The molecular structures of 2,2-azino-bis-(3-ethylbenzothiazoline-6-sulfonic acid) (ABTS), were calculated by using time-dependent density functional theory (TDDFT) model with M062X method with 6-311G (d, p) basis set. In this work, the ABTS were theoretically investigated from the geometric structure, the energy levels of the lowest unoccupied molecular orbital (LUMO) and the highest occupied molecular orbital (HOMO), the energy level gap ΔE_HOMO-LUMO of the molecular ground state, excited stated properties and the electronic absorption spectra of different oxidation states. We studied the energy levels of LUMO and HOMO of ABTS in different oxidation states. Frontier molecular orbital analysis can provide insight into the nature of excited states. ABTS was synthesized from N-ethylamine by total synthesis. Then, we measured the UV–Vis spectra of ABTS before and after being oxidized by K₂S₂O₈. The calculated electronic structures and photochemical properties of different oxidation state of ABTS were in accordance with the experimental result. This work demonstrates the relationship between the electronic structures and photochemistry of different oxidation states ABTS hence paves the way for the rationally synthesis and deepen understanding of the photophysical properties of ABTS materials.
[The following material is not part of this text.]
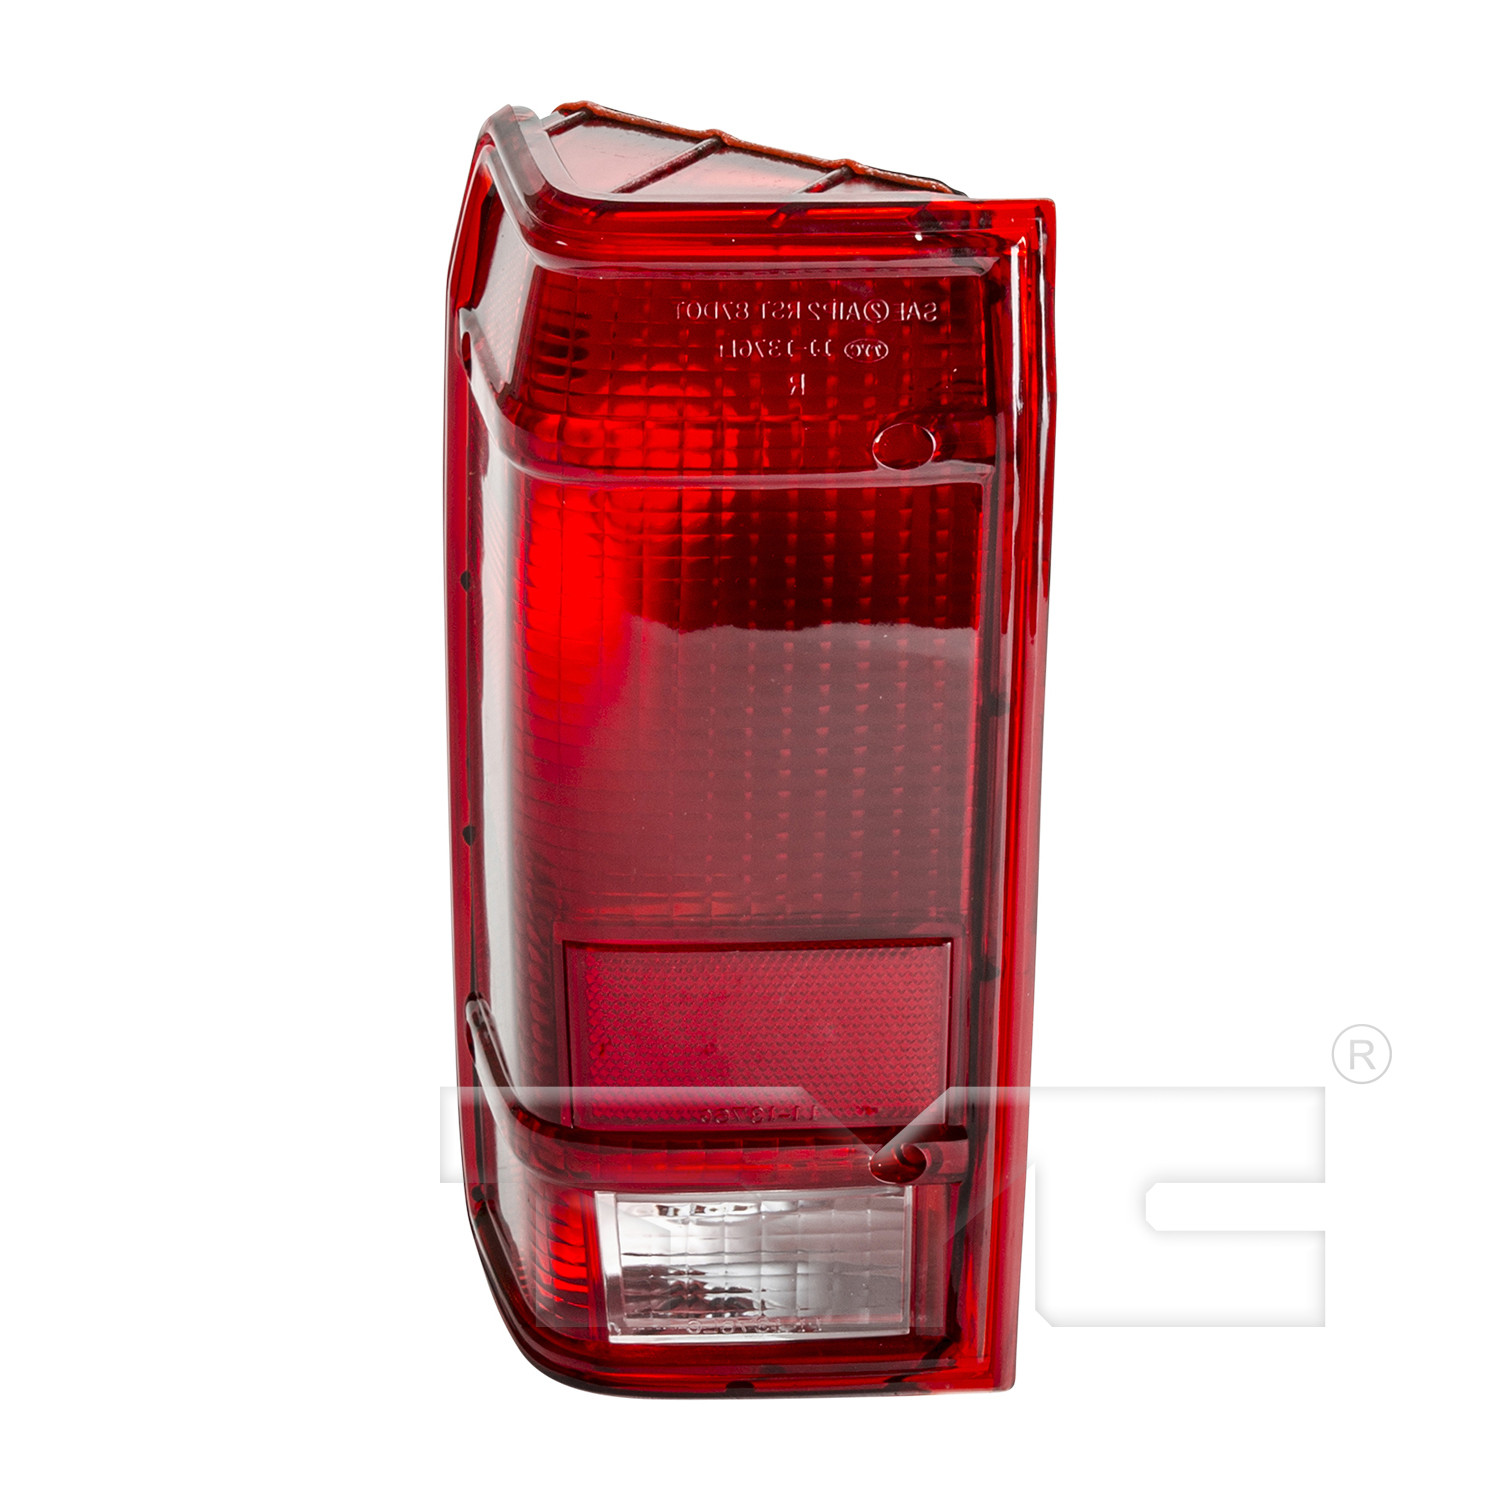 Aftermarket TAILLIGHTS for FORD - RANGER, RANGER,91-92,LT Taillamp assy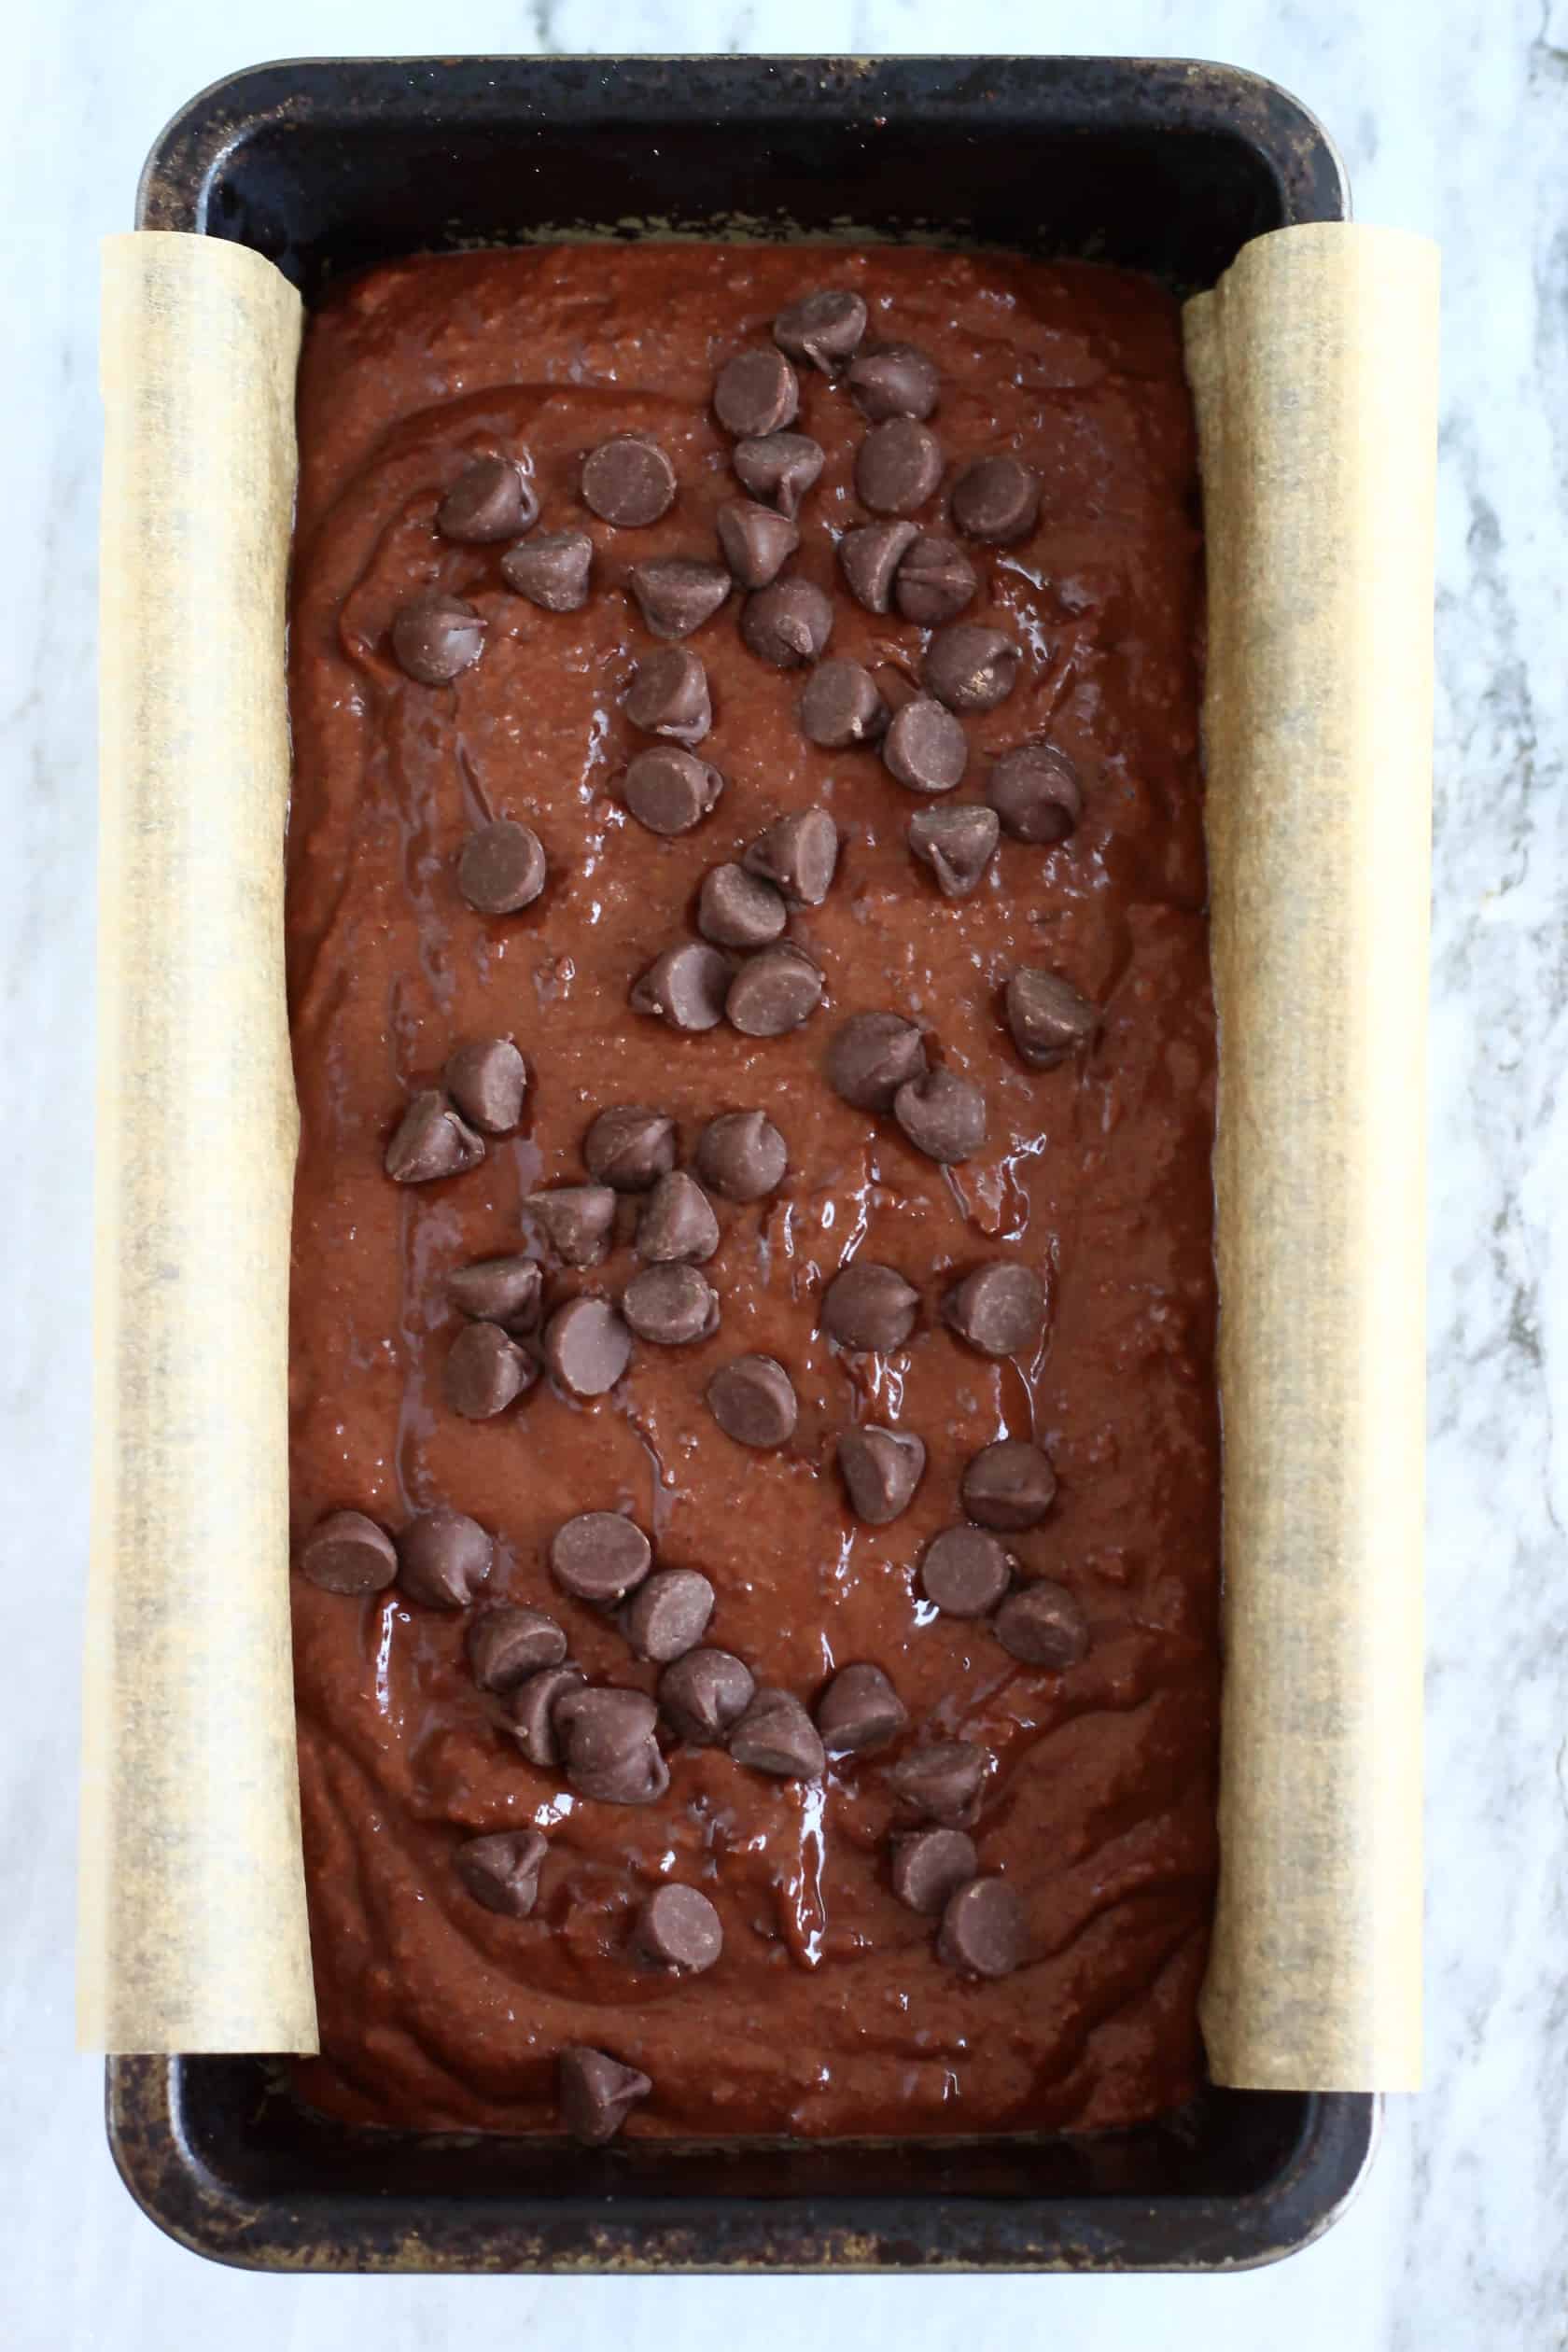 Gluten-free vegan chocolate bread batter with chocolate chips in a loaf tin lined with baking paper

使用M062X方法和时间依赖性密度泛函理论（TDDFT）模型，以6-311G（d，2,2-叠氮基-双-（3-乙基苯并噻唑啉-6-磺酸）（ABTS）的分子结构进行计算。 p）基础集。在这项工作中，从几何结构，最低未占据分子轨道（LUMO）和最高占据分子轨道（HOMO）的能级，分子基态的能级间隙ΔE _HOMO-LUMO的角度对ABTS进行了理论研究，激发态性质和不同氧化态的电子吸收光谱。我们研究了不同氧化态下ABTS的LUMO和HOMO的能级。前沿分子轨道分析可以洞悉激发态的性质。ABTS由N合成-乙胺全合成。然后，我们测量了ABTS被K ₂ S ₂ O ₈氧化前后的UV-Vis光谱。计算得到的ABTS不同氧化态的电子结构和光化学性质与实验结果吻合。这项工作证明了不同氧化态ABTS的电子结构与光化学之间的关系，从而为合理合成和加深对ABTS材料的光物理性质的铺平了道路。